Abuse, whether it is emotional, social, or physical, is often about power: someone trying to exert control over you. That’s why a person trying to control different aspects of your life can be a sign that more overt abuse may be on its way.
Indeed, according to Benoist, this controlling behavior that she described eventually escalated to violence. She indicated that “the stark truth is I learned what it felt like to be pinned down and slapped repeatedly, punched so hard the wind was knocked out of me, dragged by my hair across pavement, head butted, pinched until my skin broke, shoved into a wall so hard the drywall broke, choked.” As a review article in the American Family Physician explained, IPV tends to get worse and more frequent over time.
As you can see in the video, Benoist spoke of some of the impact that the IPV has had on her. Nonetheless, a 14-minute video is not long enough to cover the potential effects. In fact, it can be difficult to fully appreciate the potential far-reaching consequences that IPV can have on you. IPV can affect your future relationships and your ability to trust others. There is also the range of possible mental health effects such as damaged self-esteem, depression, and post-traumatic stress disorder. As a publication in the Journal of Family Violence detailed, those subject to IPV are at significantly higher risk to engage in substance abuse as well.

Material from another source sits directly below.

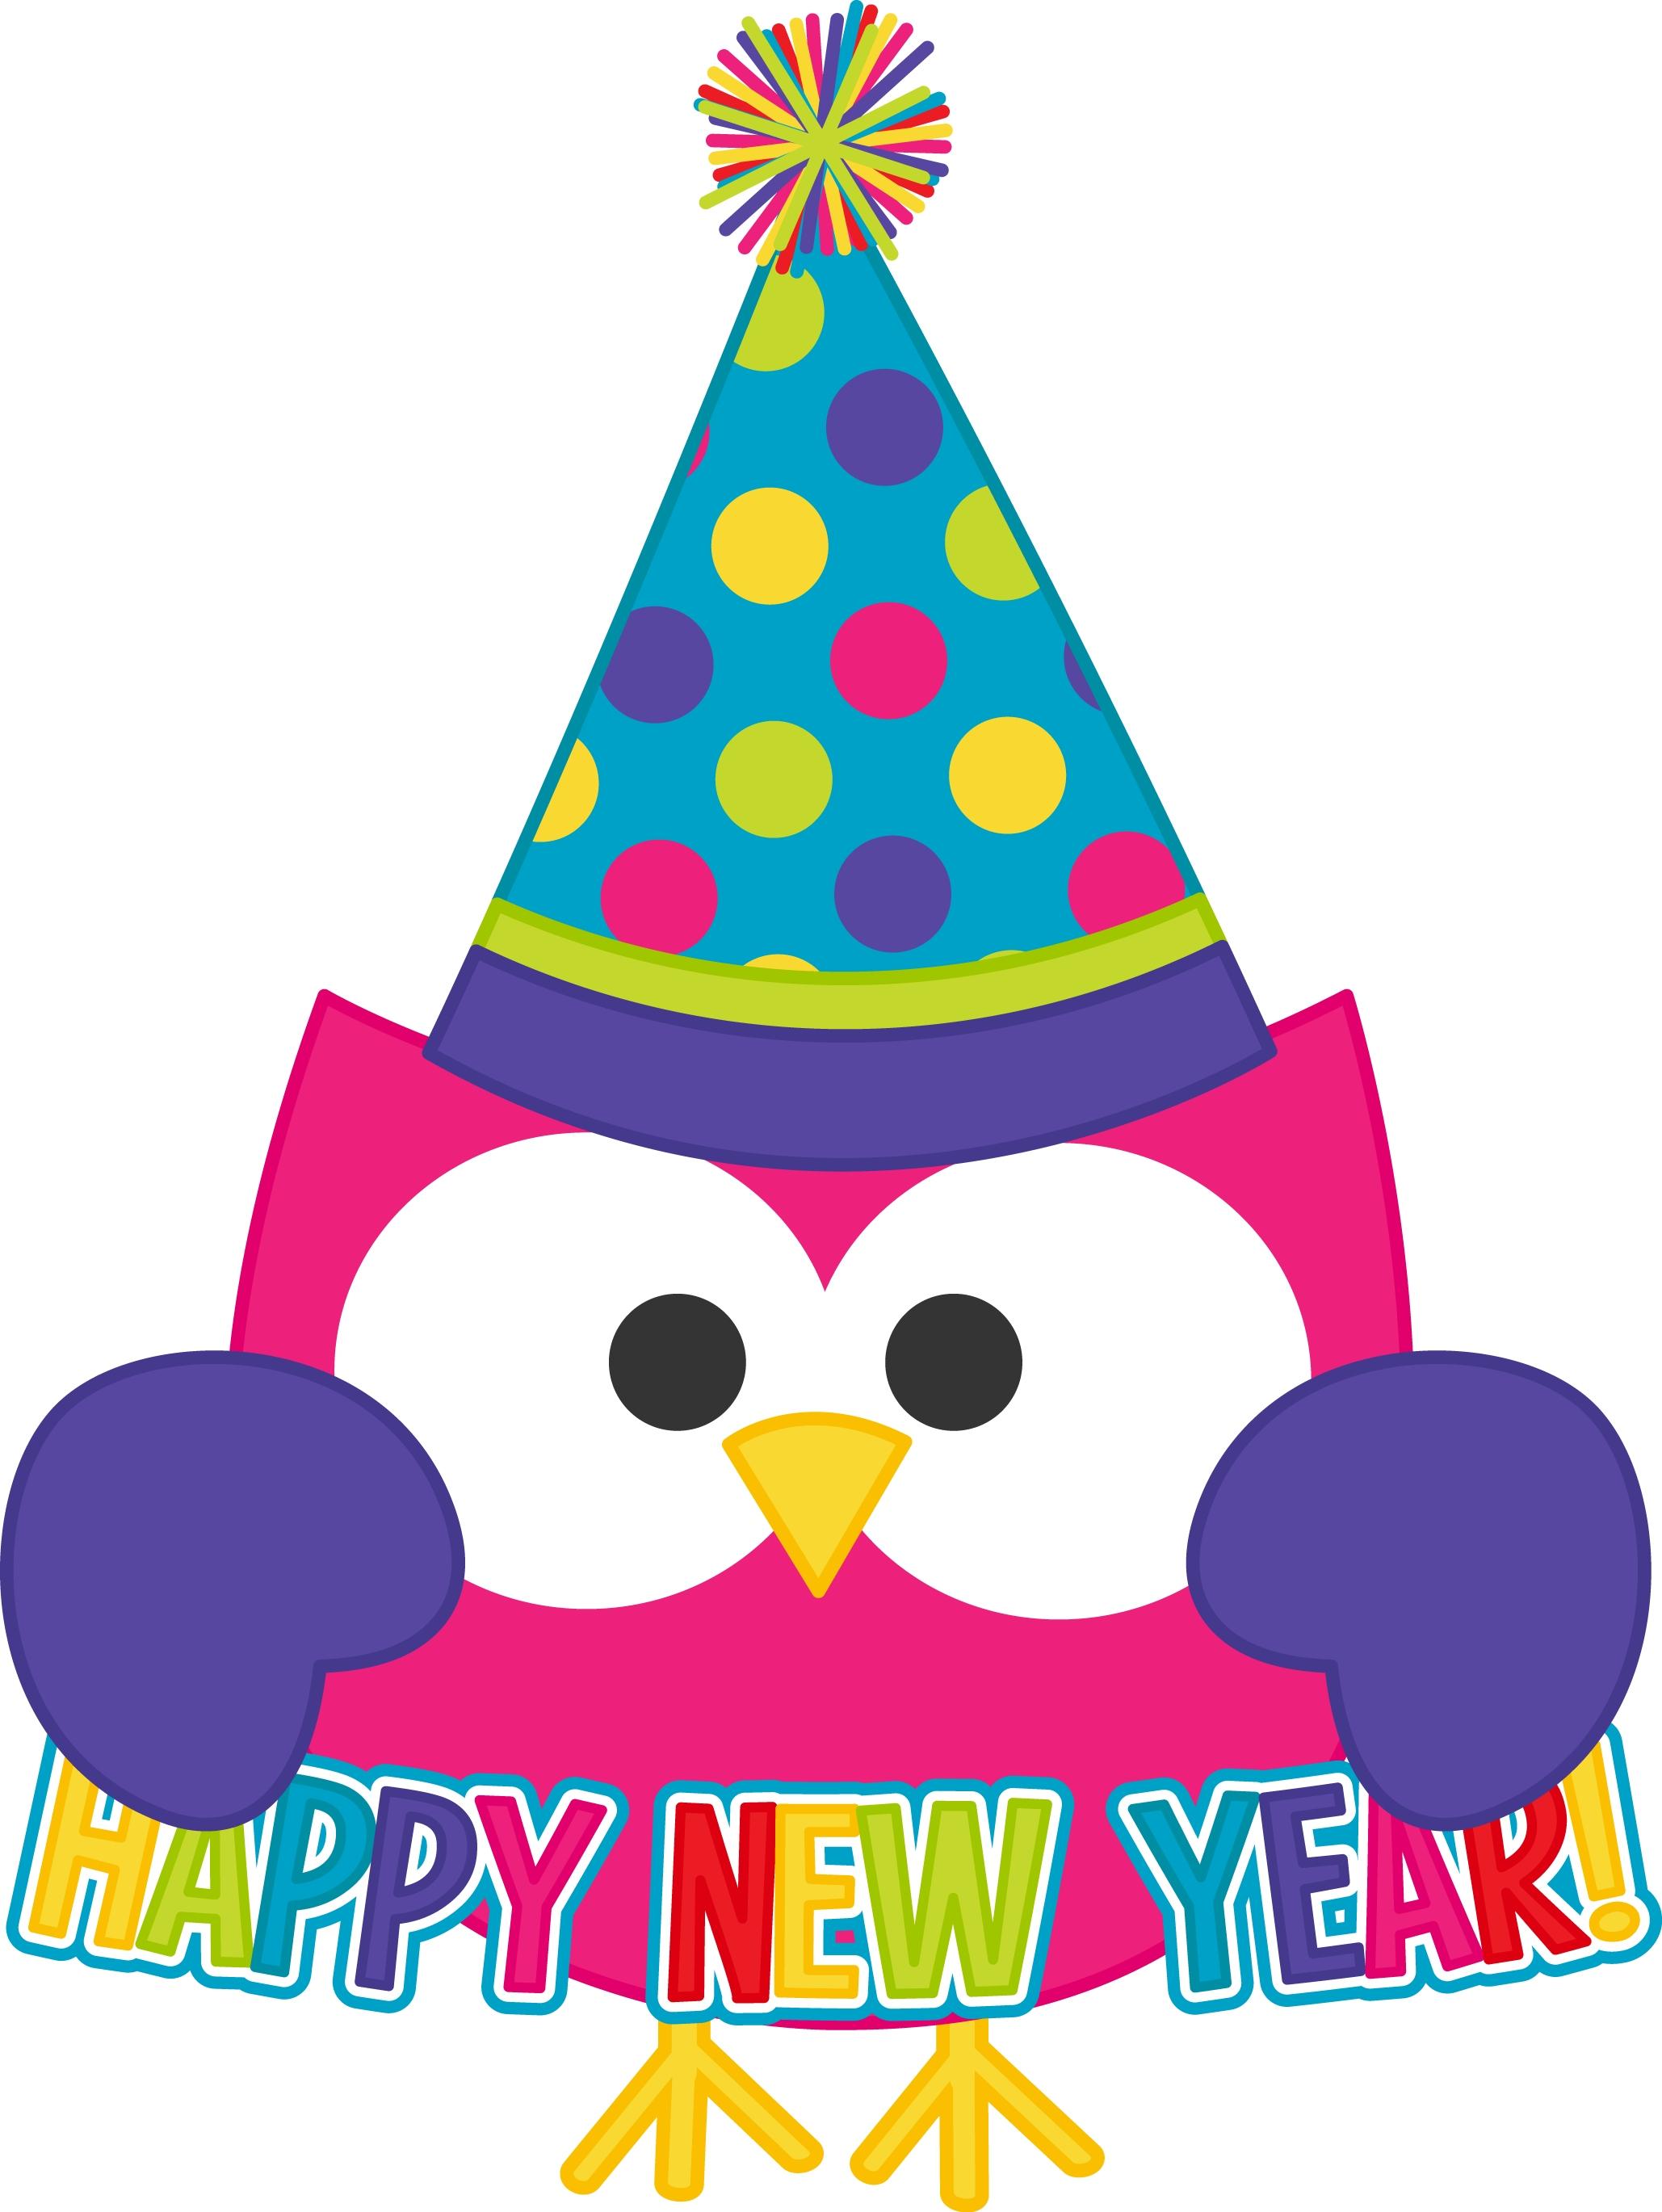 Happy New Year 2017 Free Cute .-Happy New Year 2017 Free Cute .-7

Then there are the serious physical risks. The violence that Benoist described could do major and in some cases irreparable damage. Beware of anyone who minimizes the risks or effects of physical violence. There is no situation where being “dragged by your hair across pavement” or “being punched so hard the wind was knocked out of you” is “just playing.” Sympathy for the abuser or fear can keep the victim from reporting violence. However, keep in mind that once the “physical barrier” has been breached, the physical acts could get worse and worse over time. Tragically, IPV ends up in over 1,000 deaths each year in the United States, real people who sadly couldn’t extract themselves from dangerous situations in time.
That’s why shedding more light on the darkness that is IPV is so important. Benoist’s revelation hopefully will bring more attention for those who are suffering, frequently in silence. Her video did spark the creation of a new hashtag #istandwithmelissa on Twitter, accompanied by a rush of support for Benoist such as:
Abusers are not only damaged people as Benoist described but they can do a lot of damage to many others, even if the abuse is purely emotional and psychological. Their victim count can continue to increase as they move from relationship to relationship, because abuse is not about the victim, it is about the abuser. It may seem easy to say, “oh, just get out of the relationship,” but for the aforementioned reasons that’s easier said than done. A relationship is not like a convenience store or a pair of soiled underwear. Not everyone can just leave or get rid of a relationship that easily. They may need superheros, whether its friends or others, to rescue them.